Ricordava uno dei suoi alunni, insieme ai tanti detti di Padre Marella (“Prima bisogna dare e poi ricevere”, “La carità si fa e si tace”) il suo metodo: “Quando pensate di aver capito tutto avrete capito poco, perché l’intelligenza non è altro che un fiammifero acceso in un mare di tenebre, non ne illumina che una piccola parte. Tutto il resto è buio, tutto il resto è mistero, tutto il resto è Dio”. Ecco come restituiva forza e capacità ai tanti che avevano la mano paralizzata. Non ha avuto dubbi e la sua vita è stata l’insegnamento più convincente: non è affatto la stessa cosa fare del bene o fare del male, salvare una vita o sopprimerla.

E se non lo capiamo vuol dire che siamo lontani da Dio e prigionieri dell’indifferenza. La legge di Dio è questa e tutto è piegato alla sua legge di amore. Aiutava ad essere se stessi, a diventare padroni di sé, come per l’uomo dalla mano paralizzata, a trovare lavoro, il mestiere che non è mai solo un problema occupazionale. È stato un padre, ha adottato i piccoli, sentiva la loro urgenza, chiedeva per loro, li ha amati ma li rendeva autonomi, perché amore non è mai possesso.  Guai a una Chiesa che riduce il rapporto con i fratelli più piccoli a erogazione di servizi, pur indispensabili, dimenticando che essi sono il Corpo di Gesù. Padre Marella chiedeva perché vedeva ciò di cui c’era bisogno e voleva trovare le risposte, non faceva qualcosa perché aveva trovato qualcosa! Faceva quello che serviva. Questo è un Padre.

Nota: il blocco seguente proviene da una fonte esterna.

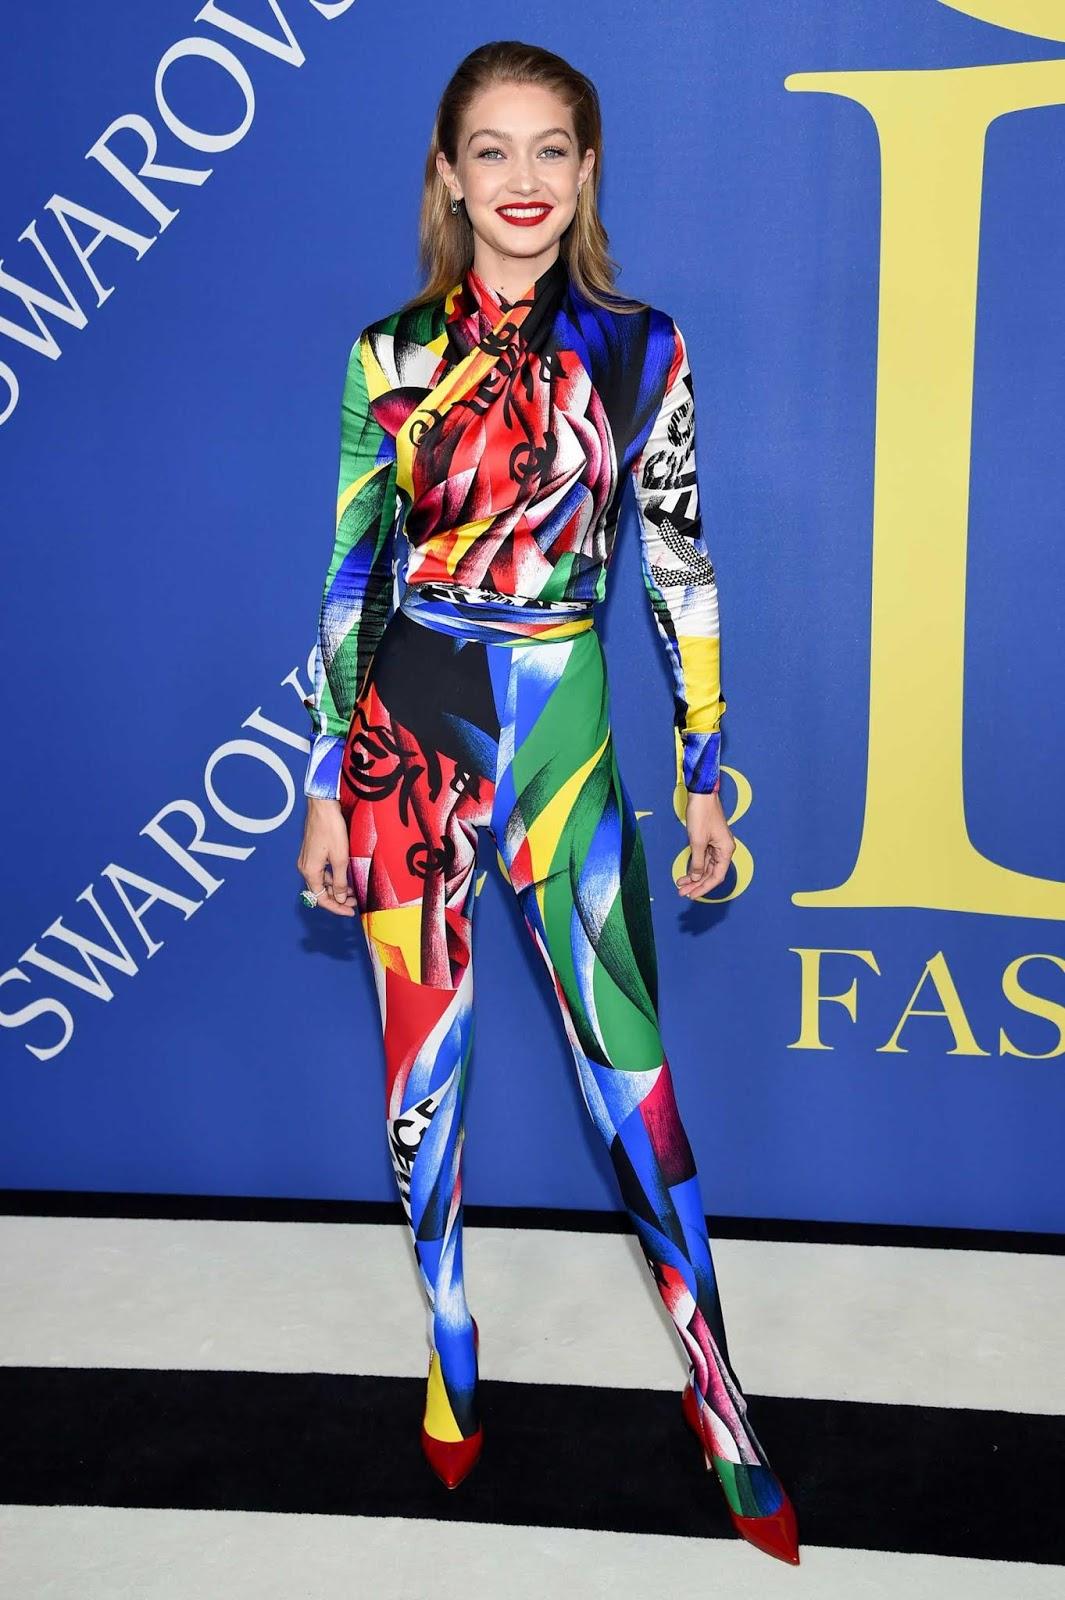 Gigi Hadid flaunts graphic suit at the 2018 CFDA Fashion Awards

Ci aiuta ad essere noi oggi la Chiesa del cappello di Padre Marella, posato sulle ginocchia in un gesto che era insieme offerta e benedizione, come scrive Emanuela Ghini. Chiedeva perché sapeva chiedere anzitutto a Dio, perché era un mendicante di amore. Alle nipoti aveva chiesto con fermezza: “Non lasciate mai la preghiera! La preghiera è il respiro dell’anima, l’elevazione del nostro spirito dalle cose umane alle cose divine, la nostra conversazione con Dio. La preghiera è il maggior conforto nelle tristezze, nella sofferenza, nelle angustie. Preghiamo per tutti: per i nostri cari, per coloro che ci hanno fatto del bene ed anche per coloro che ci hanno fatto del male. Preghiamo per gli infermi, per i sofferenti, per i peccatori, per tutti. Preghiamo per la Chiesa e per l’avvento del Regno di Cristo nel mondo intero. La preghiera è stata chiamata l’onnipotenza dell’uomo e l’impotenza di Dio, perché Iddio non sa resistere all’umile e costante invocazione”.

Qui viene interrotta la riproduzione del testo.